During this technique, you’ll be asked to consider both the advantages and the disadvantages of sustaining your cognitive distortion. You may be asked to fill out a worksheet to list the positives and negatives of maintaining a specific belief. To help you see things clearly, you might be given some questions to answer. For our example, we’ll use the cognitive distortion, “my insomnia will never go away”. With our example cognitive distortion, you might be asked questions like:
- What are you gaining from believing your insomnia won’t go away?
- Does this belief make you more likely to sleep?
- Does thinking this make you feel anxious?
- When you feel anxious, does it make it harder to sleep?
- How is this thought helping you with your insomnia?
The questions you’re asked will depend upon the provider, along with the cognitive distortion you’re addressing. Once you’re able to figure out for yourself just how negatively these beliefs can impact you, you’re likely to be more dedicated to the therapy you’re engaging in. The more dedicated you are, the better results you will get.
Setting aside ‘time to worry’
Setting aside time to worry might sound silly at first, but the technique can actually be beneficial. You might also hear this referred to as ‘structured worry time’. You’ll be guided through setting aside a chosen ‘worry time’ each day. This might be 10 to 30 minutes depending on what your provider (and you) feel is right for you. The aim is to focus on your worries during this time and get them all out of your system. This applies whether your worries are specifically about sleep or other areas of your life. Daily worries which aren’t related to your insomnia can still impact your insomnia negatively and often seem to be amplified at night when you have no distractions, so it’s important to tackle them too.

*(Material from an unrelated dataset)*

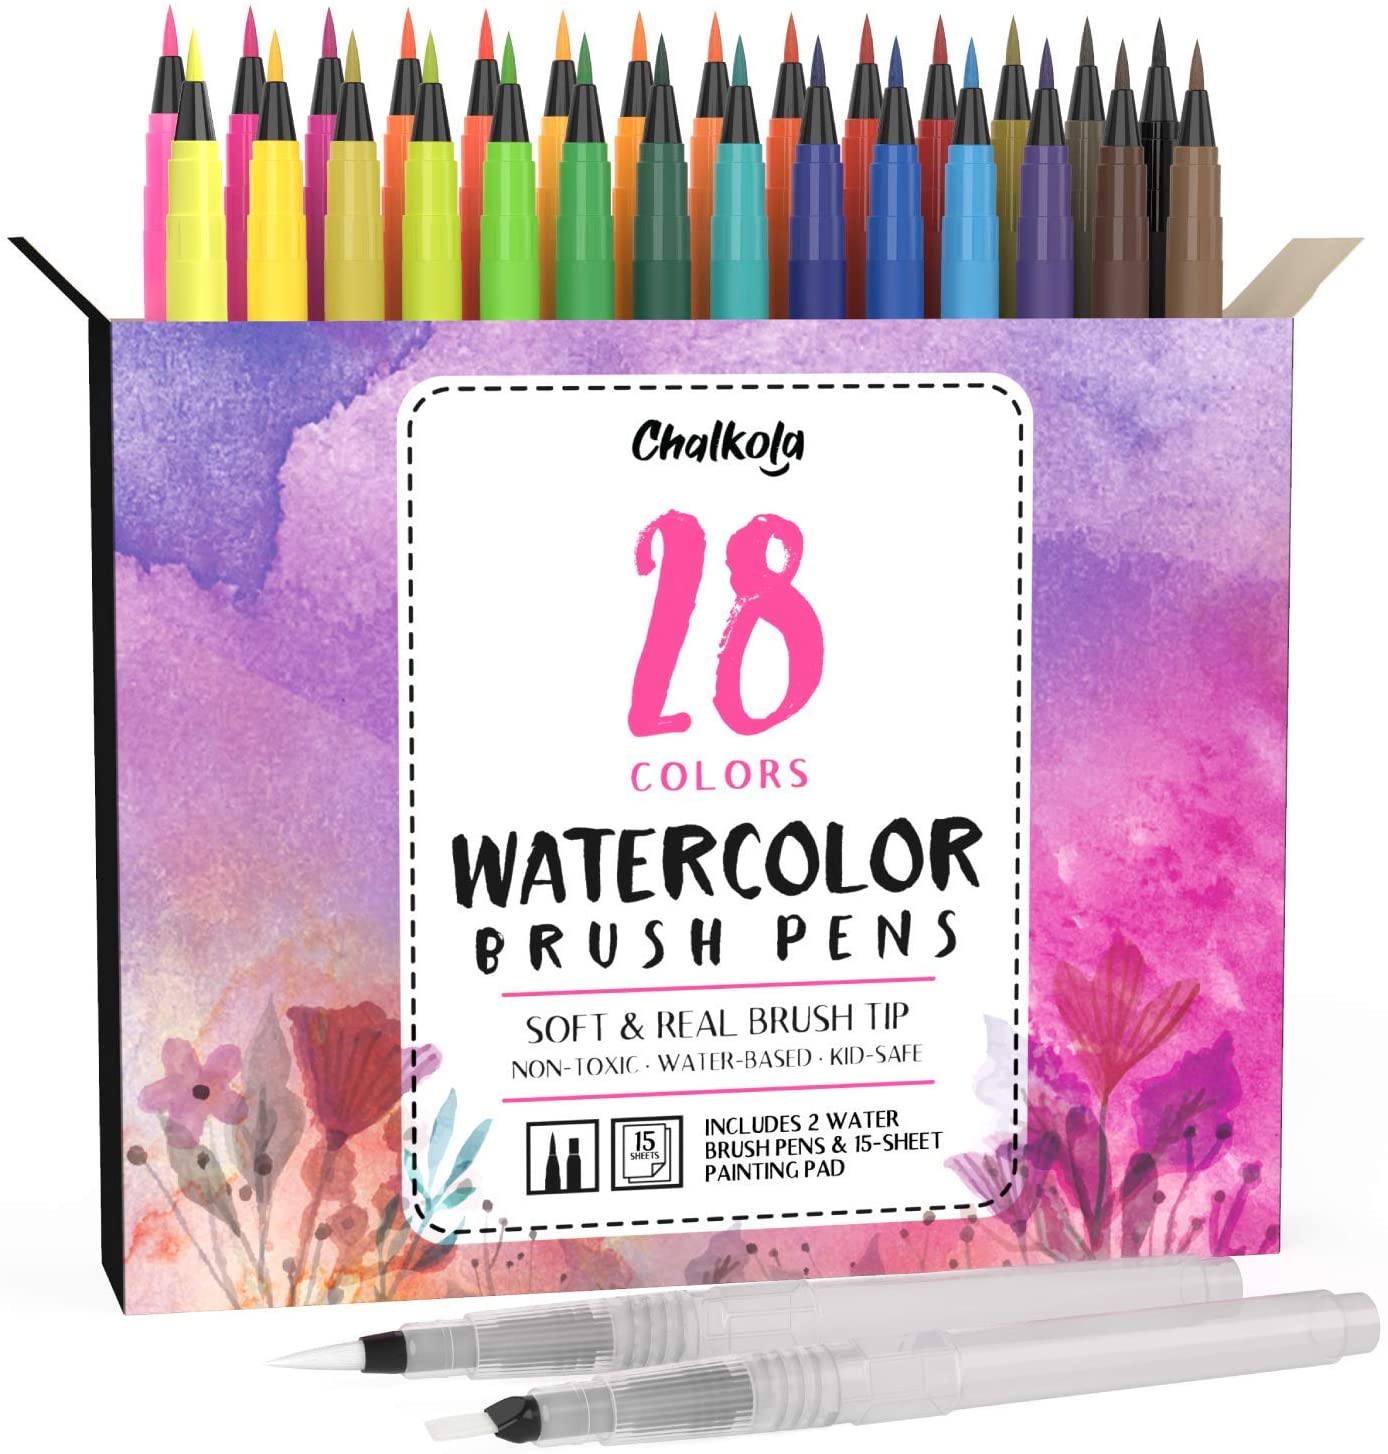 54 Watercolor Pens, 15 Page Pad & Online Video Tutorial Series by

You might be asked to note your worries down or record yourself talking about them. Some providers may encourage you to visualize the worries leaving your mind and being transferred to the paper or recording, so you are no longer carrying them with you. The rest of the time if a worry comes into your mind, you should set that worry aside and come back to it during your ‘worry time’. If you’re lying in bed and find yourself worrying, remind yourself that you will deal with them in your ‘worry time’ the next day. The idea of this is to train your brain that there is a time and place for worrying, a safe space so to speak, and that it doesn’t need to focus on worries outside of this time (especially not when you are in bed trying to sleep).
While this concept of ‘worry time’ can be useful in itself, some providers will add to this exercise. They might ask you to review the worries you have noted down and highlight daily worries which you can do something about. You can then put together a logical plan to deal with the actionable problems you’ve noted. When it comes to worries about insomnia specifically, you might be asked to highlight them separately. Your provider may guide you through addressing each of these worries using other cognitive restructuring techniques to help you reframe them.
A vital part of cognitive restructuring is learning to question your automatic thoughts. This is typically introduced using a method called Socratic questioning. This article explains the source of this name: “Socrates was a Greek philosopher who emphasized the importance of questioning as a way to explore complex ideas and uncover assumptions. This philosophy has been adopted as a way to challenge cognitive distortions.”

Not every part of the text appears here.